Selain isu sejarah yang telah saya
sebutkan sebelumnya, penulis juga kerap menyindir Indonesia. Salah satu
contohnya, ketika ada kecelakaan kerja di pabrik kayu lapis Hartanto. Saat itu,
Xander yang lama tinggal di luar negeri, menyarankan agar memanggil polisi. Hartanto
menolaknya dengan alasan: “Polisi di sini tidak sama dengan di Eropa”. Di
benaknya saat itu terbayang penyelewengan-penyelewengan yang dilakukan polisi
atas bayarannya. (hal. 92)
Contoh yang lain adalah tentang isu sumber
daya alam.
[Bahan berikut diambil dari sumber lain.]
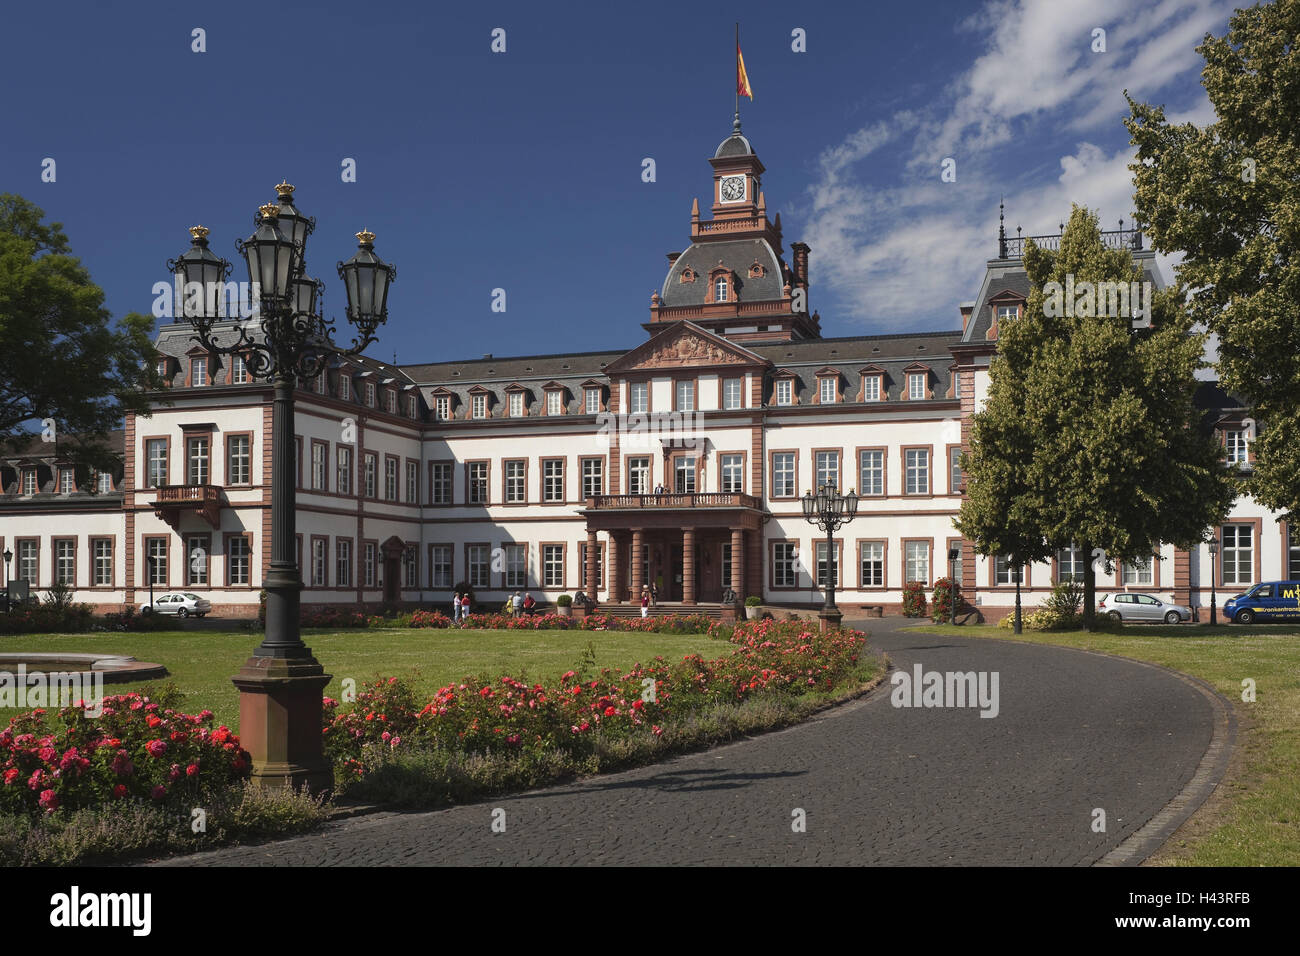 Germany, Hessen, Hanau, castle Philippsruhe, town, architecture, lock, castle building, place of interest, Stock Photo
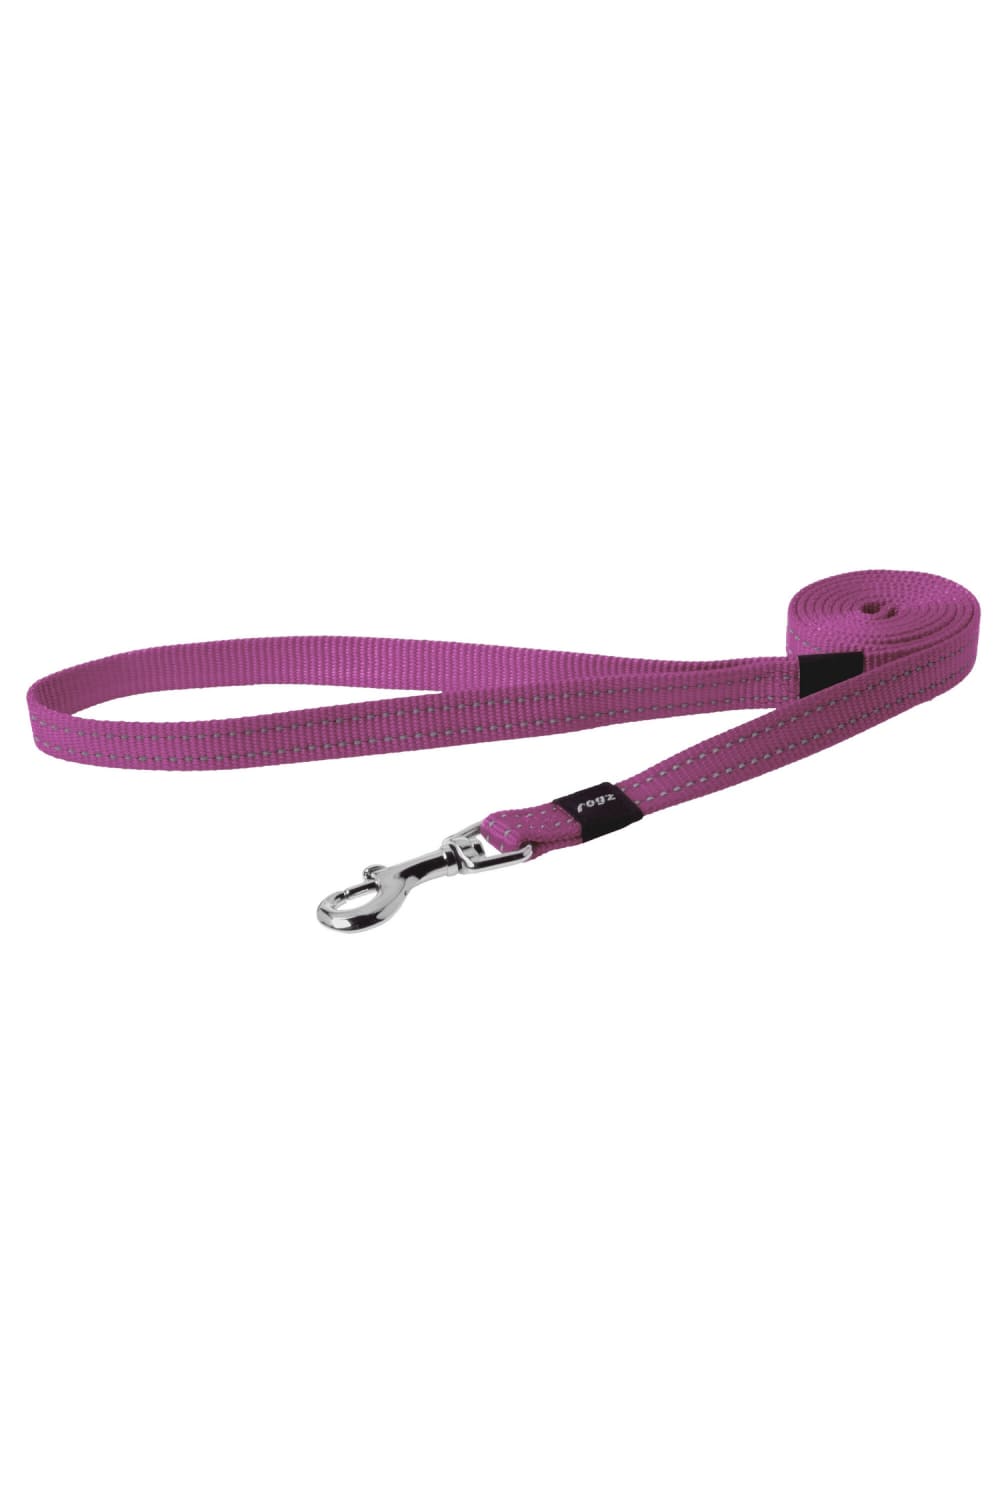 Rogz Utility Dog Lead (Pink) (120cm x 2cm)

Selama ini Indonesia terlalu percaya diri akan kekayaan sumber daya
alamnya, sehingga menghamburkannya tanpa rasa berdosa.
Selain itu, penulis juga seperti berusaha
mengangkat nama baik wartawan.
Seperti biasa, tulisan Meiliana K. Tansri penuh
dengan bahasa baku yang mudah dimengerti dan anti typo. Namun, ada satu kalimat yang gagal saya pahami.
“Membohongi Hartanto adalah tindakan berisiko, tetapi Datuk Itam merasa tumpukan tahun lalu di belakang namanya sudah cukup akomodatif untuk mengganjal jiwa kalau kemarahan Hartanto menerjangnya.”
(hal. 121)
Hmm, “tumpukan tahun lalu” maksudnya apa,
ya?
Secara keseluruhan, saya lebih menikmati
buku kedua ini daripada yang pertama. Pada akhirnya, saya akan menutup resensi
ini dengan satu teriakan, “Temukan raja!”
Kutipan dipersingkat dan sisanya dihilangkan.